The primary objective of the following information is to provide forward-looking quantitative and qualitative information about our potential exposure to market risk. The term “market risk” refers to the risk of loss arising from adverse changes in cryptocurrency prices and interest rates. The disclosures are not meant to be precise indicators of expected future losses, but rather indicators of reasonably possible losses. This forward-looking information provides indicators of how we view and manage our ongoing market risk exposures.

Foreign Currency Exchange Rate Risk

Certain of our operations are conducted in foreign currencies. Consequently, a portion of our revenues and expenses may be affected by fluctuations in foreign currency exchange rates on cash residing in the kiosks. We have not historically hedged our translation risk on foreign currency exposure, but we may do so in the future. For the year ended December 31, 2023, and for the year ended December 31, 2022, currency exchange rate fluctuations had an insignificant impact on our consolidated revenues.

Generally, the functional currency of our various subsidiaries is their local currency except BitAccess whose functional currency is USD. We are exposed to currency fluctuations on transactions that are not denominated in the functional currency. Gains and losses on such transactions are included in determining net income for the period. We may seek to mitigate our foreign currency risk through timely settlement of transactions and cash flow matching, when possible. For the year ended December 31, 2023 and for the year ended December 31, 2022, our transaction gains and losses were insignificant.

We are also affected by fluctuations in exchange rates on our investments in foreign operations. Relative to our net investment in foreign operations, the assets and liabilities of subsidiaries whose functional currency is a foreign currency are translated at the period end rate of exchange. The resulting translation adjustment is recorded as a component of other comprehensive income and is included in Stockholders' equity.

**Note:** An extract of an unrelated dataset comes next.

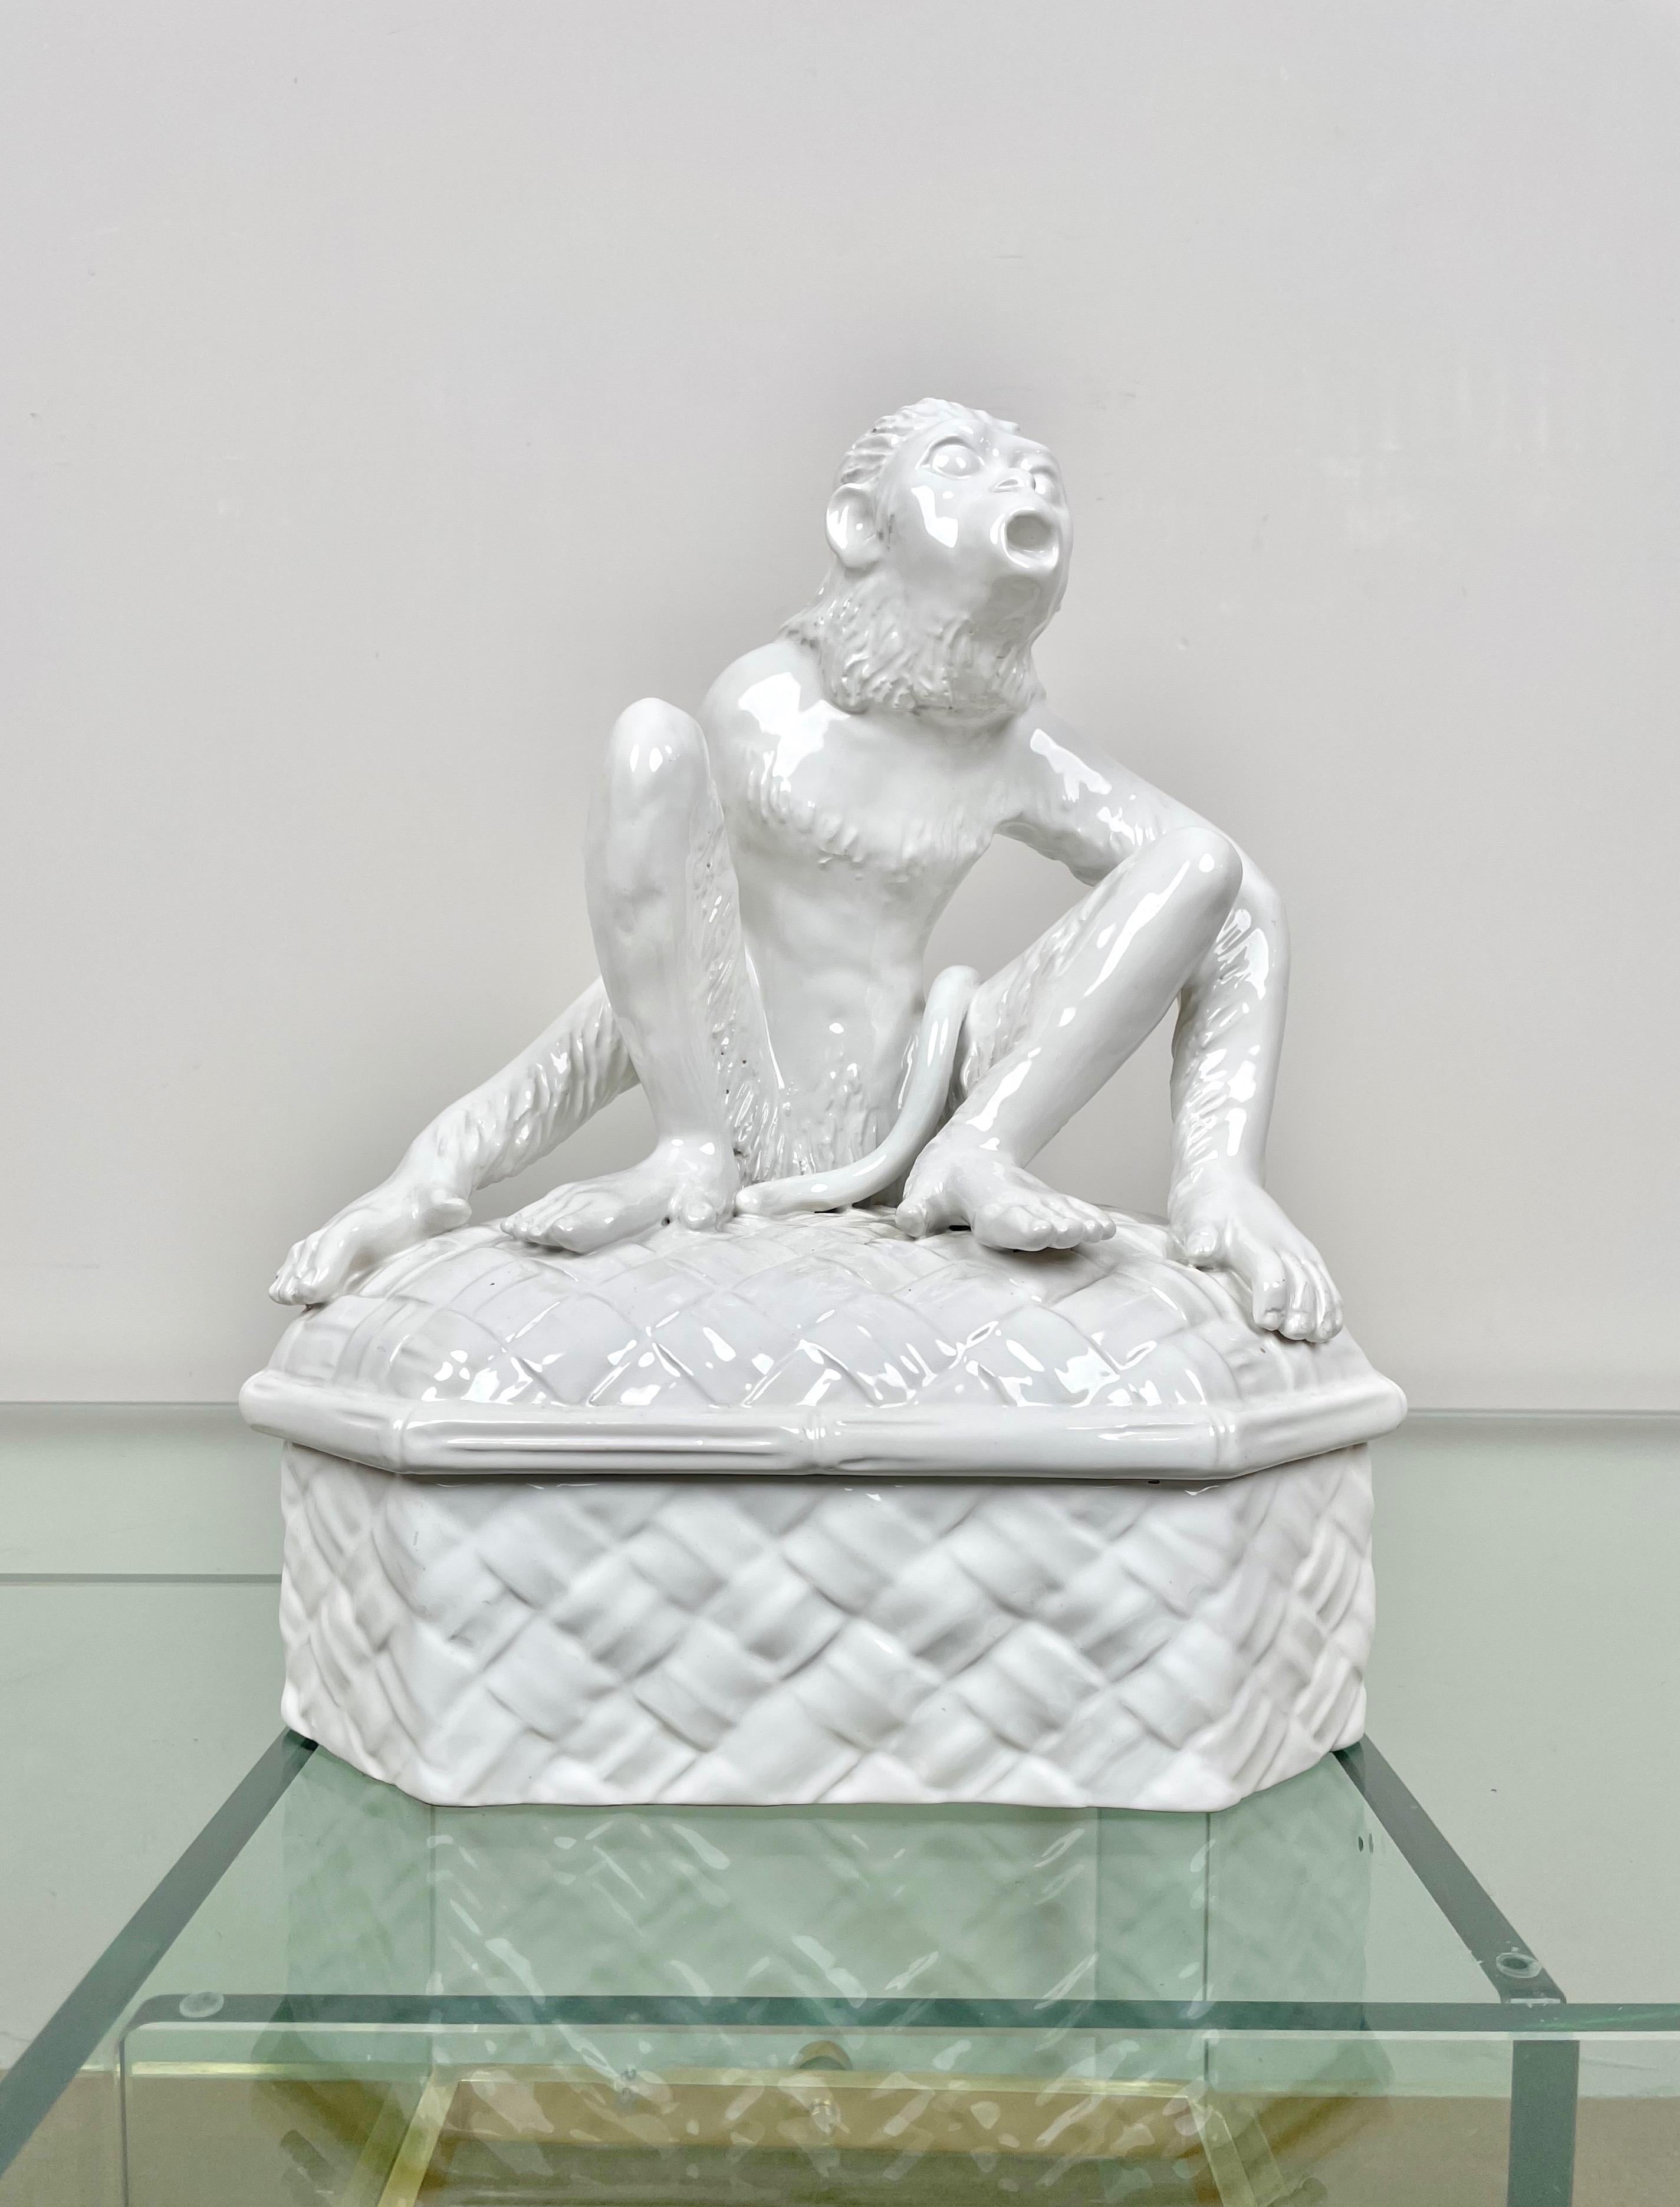 Sculpture animalière en forme de singe dans une boîte en céramique blanche par Vivai del Sud. Fabriqué en Italie dans les années 1970.

Le Label d'origine est encore attaché sur le fond, comme le montrent les photos.

Adoption and Market Price of Cryptocurrency

Our business is dependent on the broader use and adoption of Bitcoin, which can to an extent be impacted by the spot price of the cryptocurrency we sell. Bitcoin is our sole cryptocurrency offering. Bitcoin represents 99% of our total transaction volume for the year ended December 31, 2023, with the remaining cryptocurrencies accounting for the remaining less than 1% of transaction volume. As the adoption of cryptocurrency continues to grow for the general public, we expect continued growth from our addressable market. The prices of cryptocurrencies, including the cryptocurrencies we sell, have experienced substantial volatility, and high or low prices may have little or no relationship to identifiable market forces, may be subject to rapidly changing investor sentiment, and may be influenced by factors such as technology, regulatory void or changes, fraudulent actors, manipulation and media reporting. Bitcoin (as well as other cryptocurrency) may have value based on various factors, including their acceptance as a means of exchange by consumers and producers, scarcity, and market demand.

Equipment Costs

The cost of new kiosks can be impacted significantly by inflation, supply constraints, and labor shortages, and could be significantly higher than our fair value for new kiosks. As a result, at times, we may obtain kiosks or other hardware from third parties at higher prices, to the extent they are available.

Competition

In addition to factors underlying kiosk business growth and profitability, our success greatly depends on our ability to compete. The markets in which we compete are highly competitive, and we face a variety of current and potential competitors that may have larger and more established customer bases and substantially greater financial, operational, marketing, and other resources than we have. The digital financial system is highly innovative, rapidly evolving, and characterized by healthy competition, experimentation, changing customer needs, frequent introductions of new products, and subject to uncertain and evolving industry and regulatory requirements. We expect competition to intensify as existing and new competitors introduce new products and services or enhance existing ones. We compete against a number of companies operating both within the United States and abroad, including traditional financial institutions, financial technology companies and brokerage firms that have entered the cryptocurrency market in recent years, digital and mobile payment companies offering overlapping features targeted at our users, and companies focused on cryptocurrencies. To stay competitive in the evolving digital financial system, both against new entrants into the market and existing competitors, we anticipate that we will have to continue to offer competitive features and functionalities and keep up with technological advances at fair prices to our users relative to our competitors.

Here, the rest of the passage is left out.